I would try some BettaFix to help heal her wounds.


----------



## Splinter492 (Aug 24, 2009)

okay thank you, should i remove the aggressive female that attacked her or just the new girl?


----------



## dramaqueen (Jul 7, 2008)

I would remove the one that was attacked.


----------



## sumsum (Aug 24, 2009)

I would remove the one that attacked so the attacked one dosen't get stressed out or harmed by the net.


----------



## Splinter492 (Aug 24, 2009)

should i put her back later on or separate her completely?


----------



## dramaqueen (Jul 7, 2008)

I don't know. It probably messed up the pecking order when you added the new one. You could try it and keep an eye on them and remove her again if there is a problem.


----------



## Splinter492 (Aug 24, 2009)

there was just two in there then i added this one and she got attacked and when i removed her my second of the two was getting attacked so i just removed the aggressive one all together. i guess she is too aggressive. =(


----------



## dramaqueen (Jul 7, 2008)

You need at least 4 females to spread out the aggression. I suggest getting another female.


----------



## Splinter492 (Aug 24, 2009)

okay ill go get another, as soon as i can get all my homework done =P always love an excuse to get another betta =D


----------



## dramaqueen (Jul 7, 2008)

What size is your tank?
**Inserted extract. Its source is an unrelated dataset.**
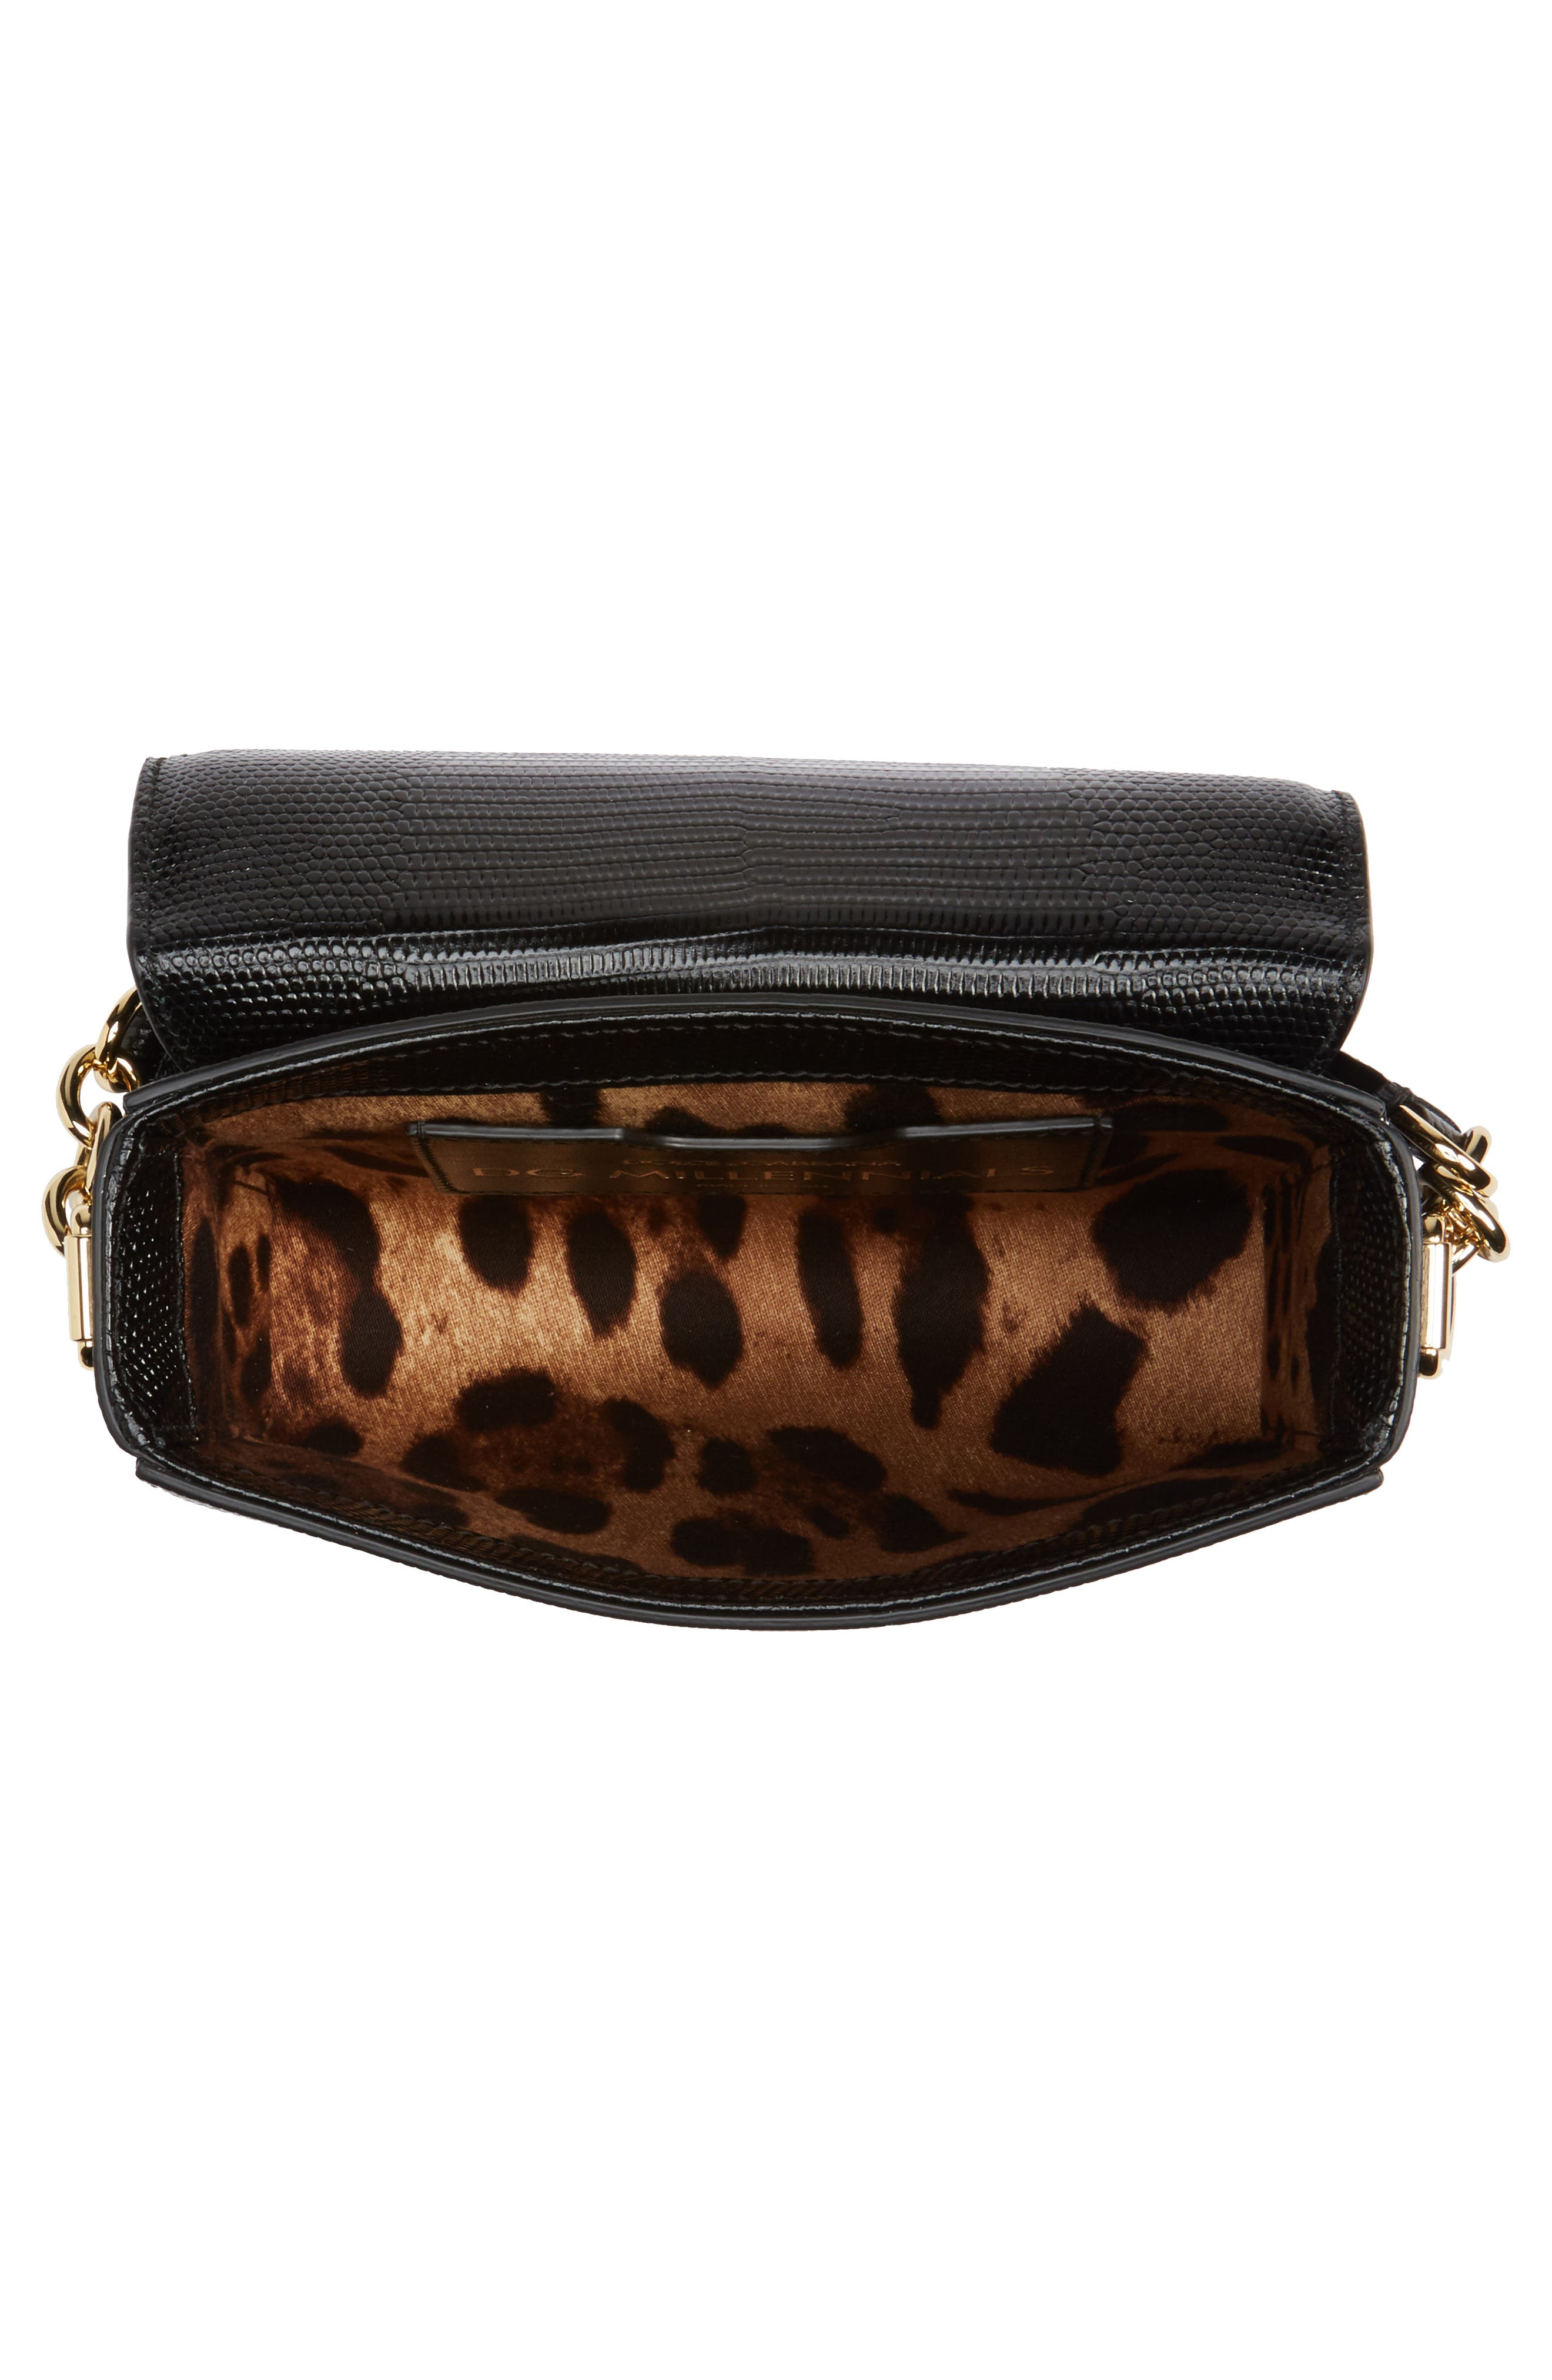 Millennial Reptile Embossed Leather Crossbody Bag,                             Alternate thumbnail 4, color,                             NERO

You need at least a 10 gallon for a sorority to work.


----------



## 5green (Jul 31, 2009)

Splinter492 said:


> okay ill go get another, as soon as i can get all my homework done =P always love an excuse to get another betta =D


 can you tell me some i ran out of excuses around the 3rd one lol :-D


----------



## Splinter492 (Aug 24, 2009)

its a 10 gallon, say mom dramaqueen on the betta forum said i need at least 4 bettas in this tank for them to be happy and not kill eachother.


----------



## dramaqueen (Jul 7, 2008)

To Splinter's mom: It would really be best, in orderfor the sorority to work, to have 4 or more females to spread out the aggression so they will be happy and not kill each other. lol


----------



## Splinter492 (Aug 24, 2009)

the poor girl died over night (R.I.P). =,(
thanks for the excuse thingy lol.


----------



## dramaqueen (Jul 7, 2008)

I'm so sorry!


----------



## Vikki81207 (May 27, 2009)

I'm so sorry!


----------



## AlexXx (Aug 23, 2009)

lots of fish dieing this week... so sad


----------



## Splinter492 (Aug 24, 2009)

im so sad =,( she was so amazing! probably the only double tail female iv seen where i live.


----------



## sunkissedinCA (May 7, 2009)

im sorry about your girl


----------



## Splinter492 (Aug 24, 2009)

thanks for the support guys =)


----------



## CodeRed (Jun 11, 2009)

Splinter492 said:


> thanks for the support guys =)


It's what we're here for


----------



## Splinter492 (Aug 24, 2009)

=D


----------



## ifish (Apr 30, 2009)

once you hang here enough scaning the posts you learn how to heal bettas


----------